◆ The input ◆
# # # # #

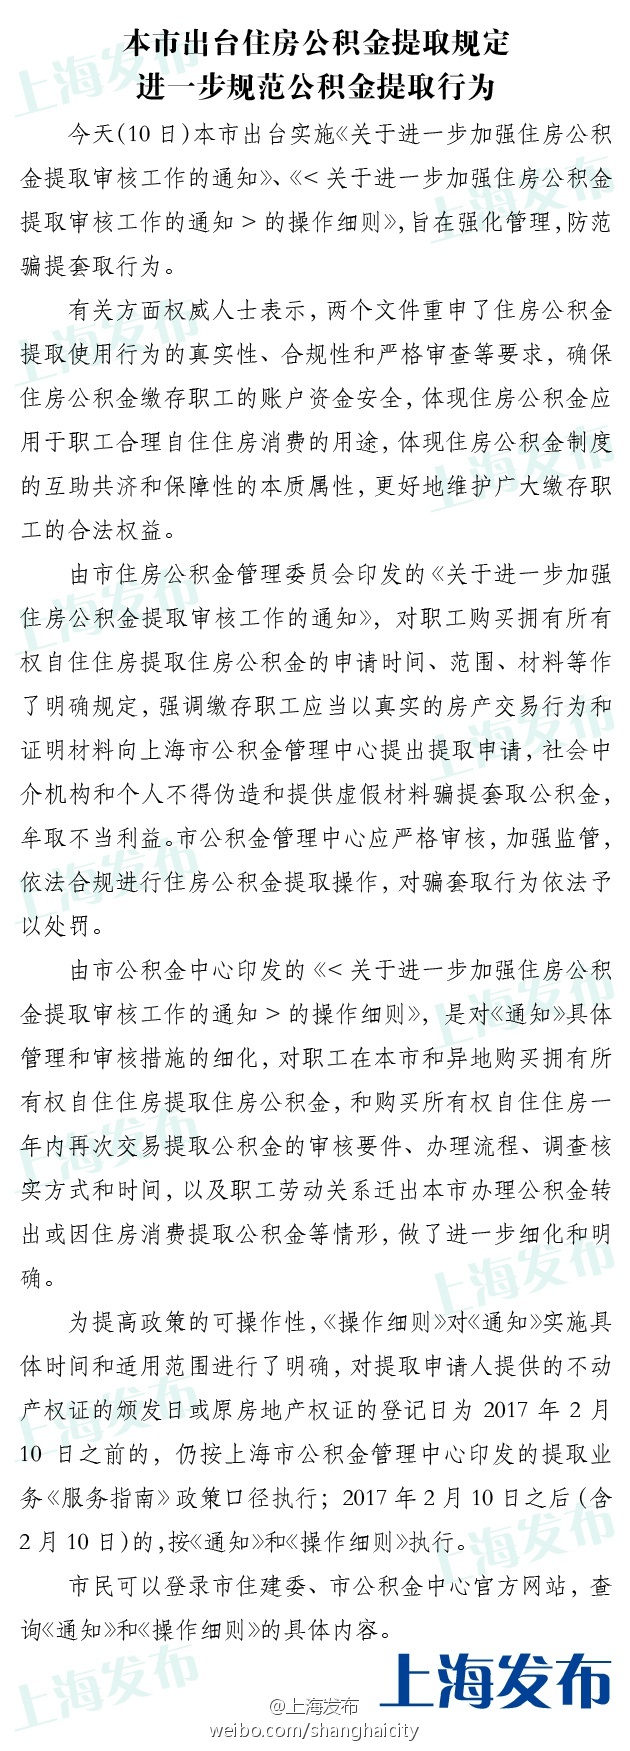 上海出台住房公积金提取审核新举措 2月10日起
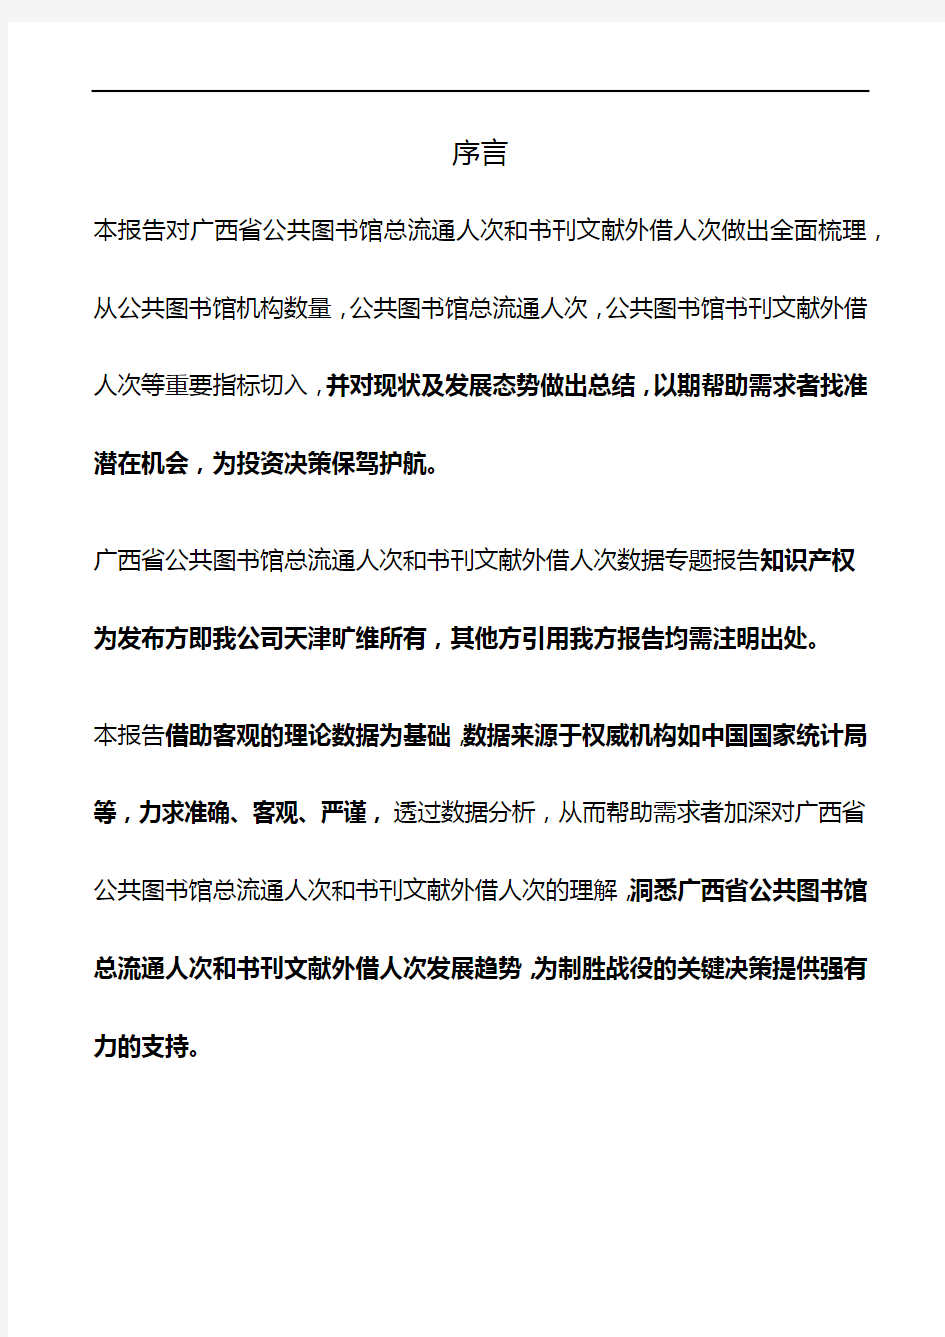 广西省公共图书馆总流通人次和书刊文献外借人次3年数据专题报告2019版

# # # # #

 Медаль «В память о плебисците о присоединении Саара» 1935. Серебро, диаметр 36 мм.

# # # # #

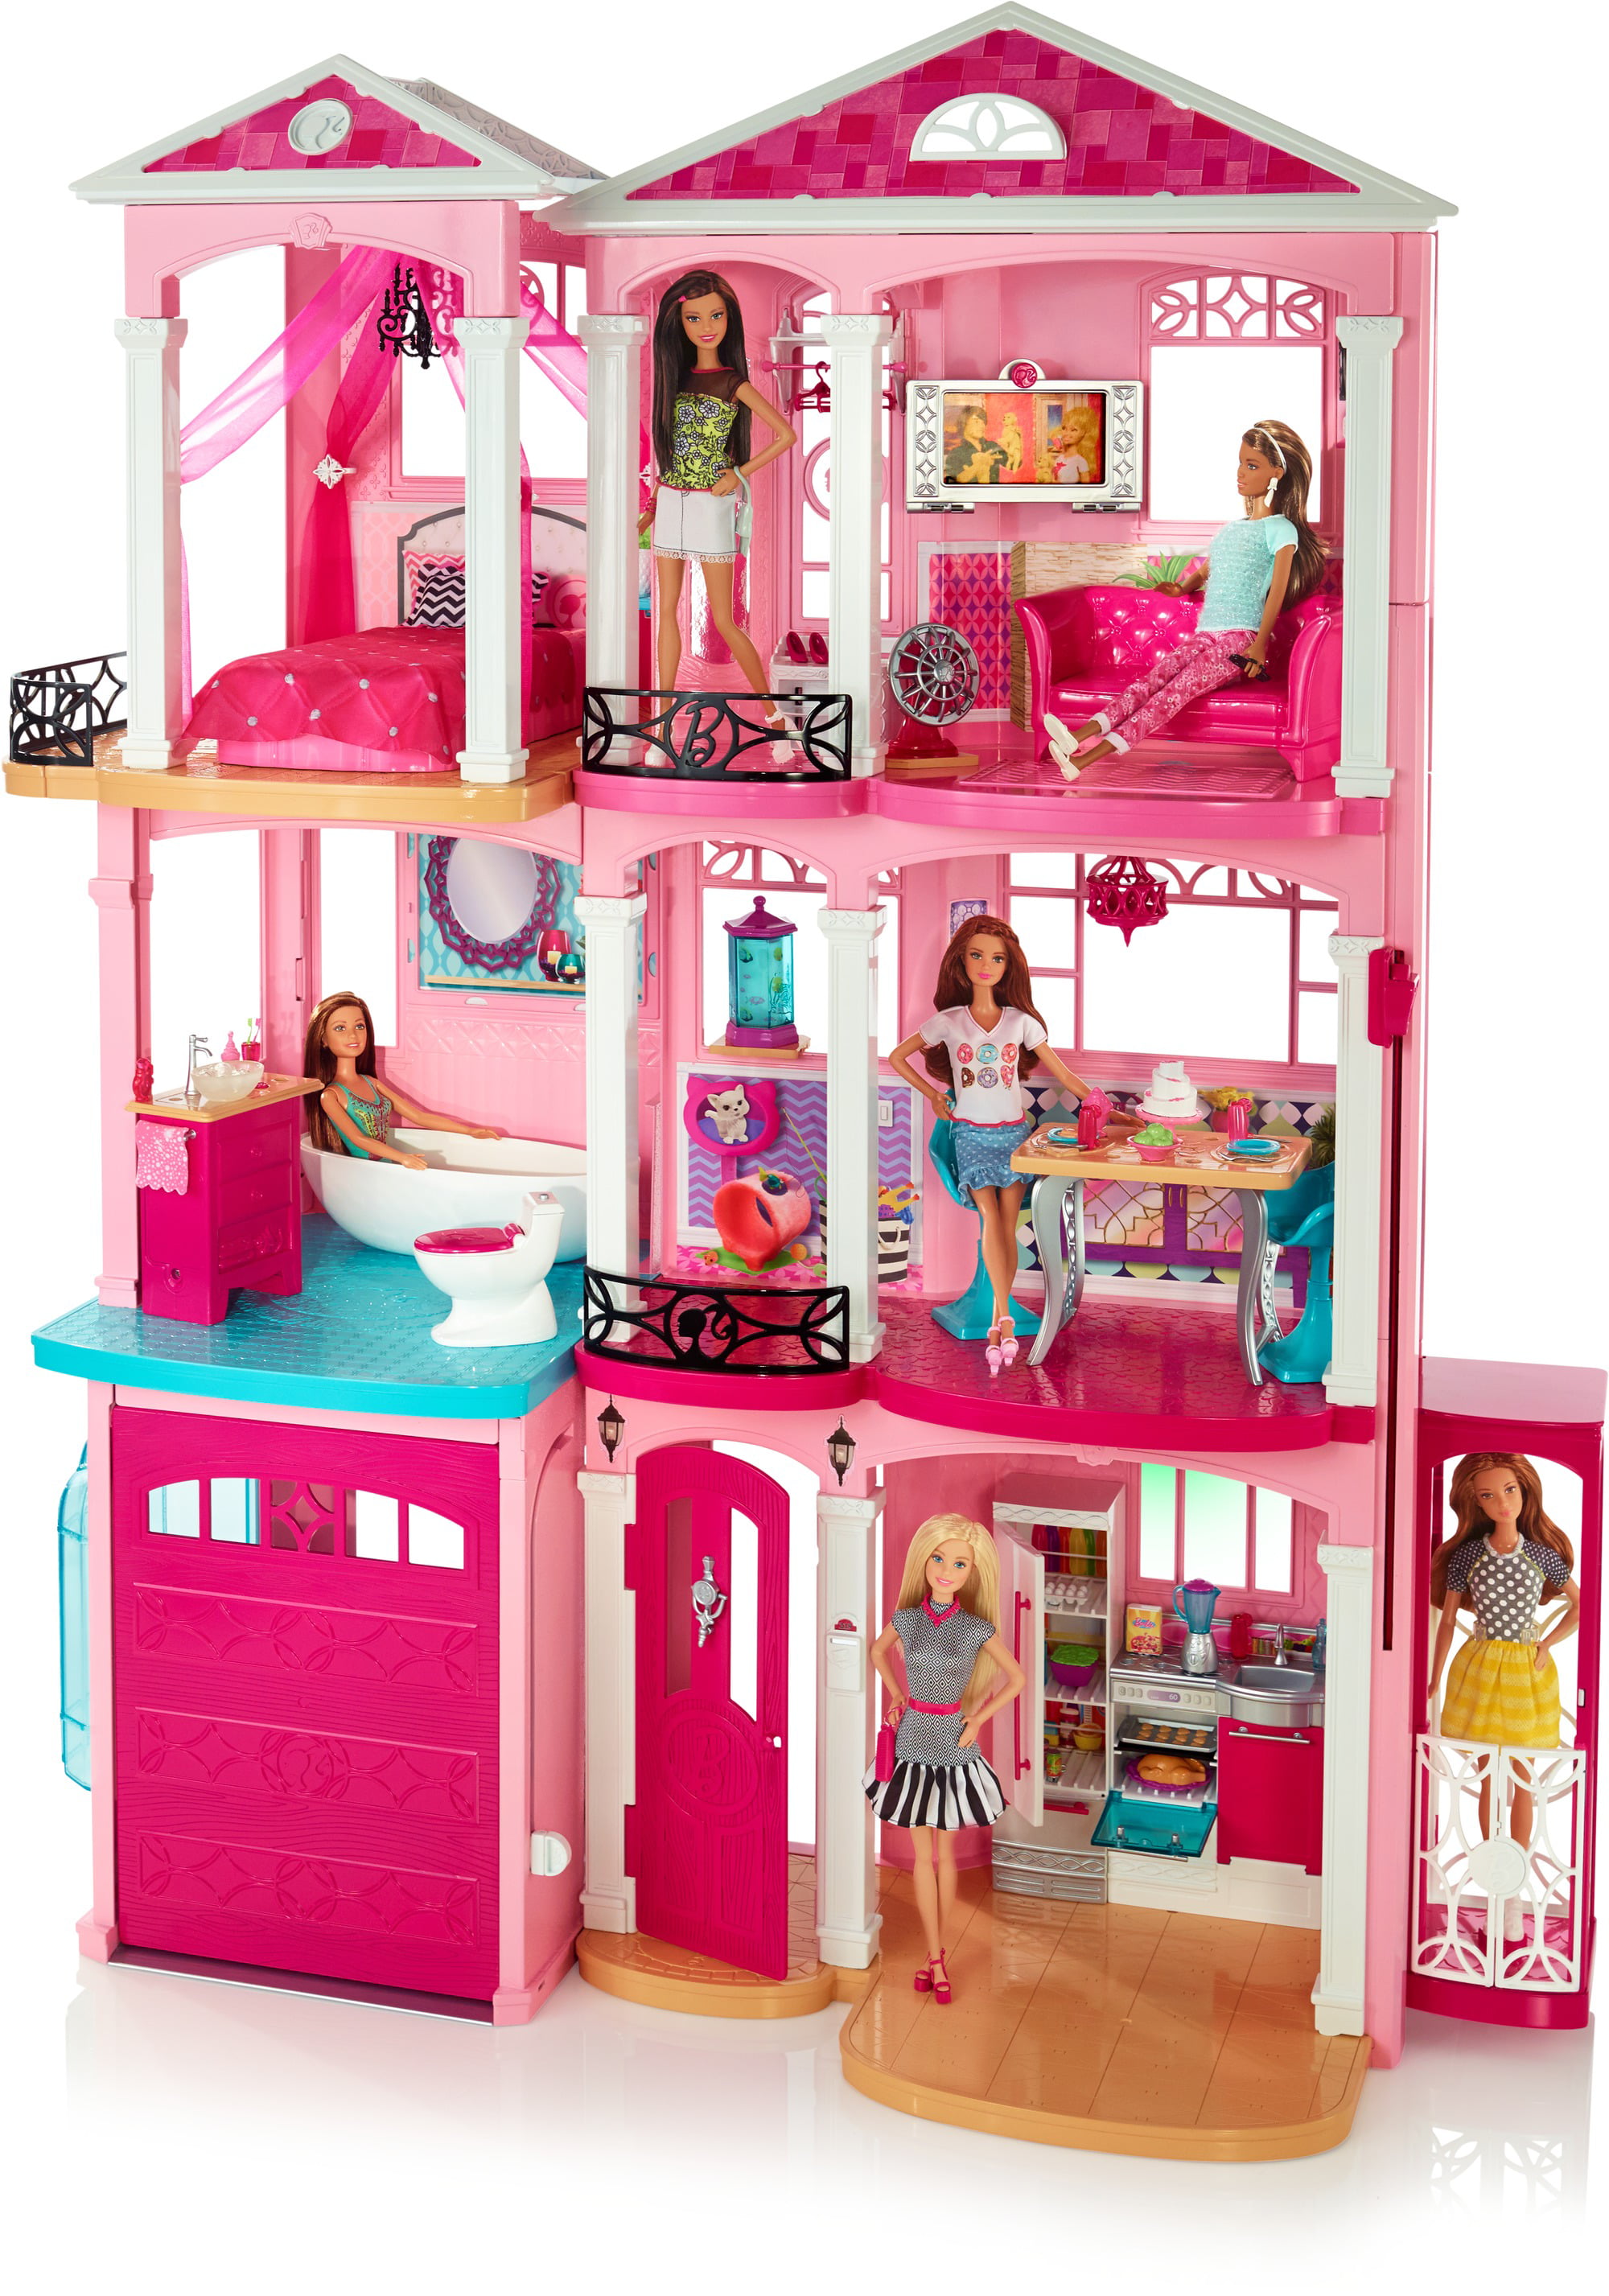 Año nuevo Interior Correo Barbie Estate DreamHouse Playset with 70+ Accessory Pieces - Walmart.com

# # # # #

Output should consist of the lines above from the one with "上海出台住房公积金提取审核新举措 2月10日起" down to the one with "广西省公共图书馆总流通人次和书刊文献外借人次3年数据专题报告2019版", exact and without pictures.

 上海出台住房公积金提取审核新举措 2月10日起
 广西省公共图书馆总流通人次和书刊文献外借人次3年数据专题报告2019版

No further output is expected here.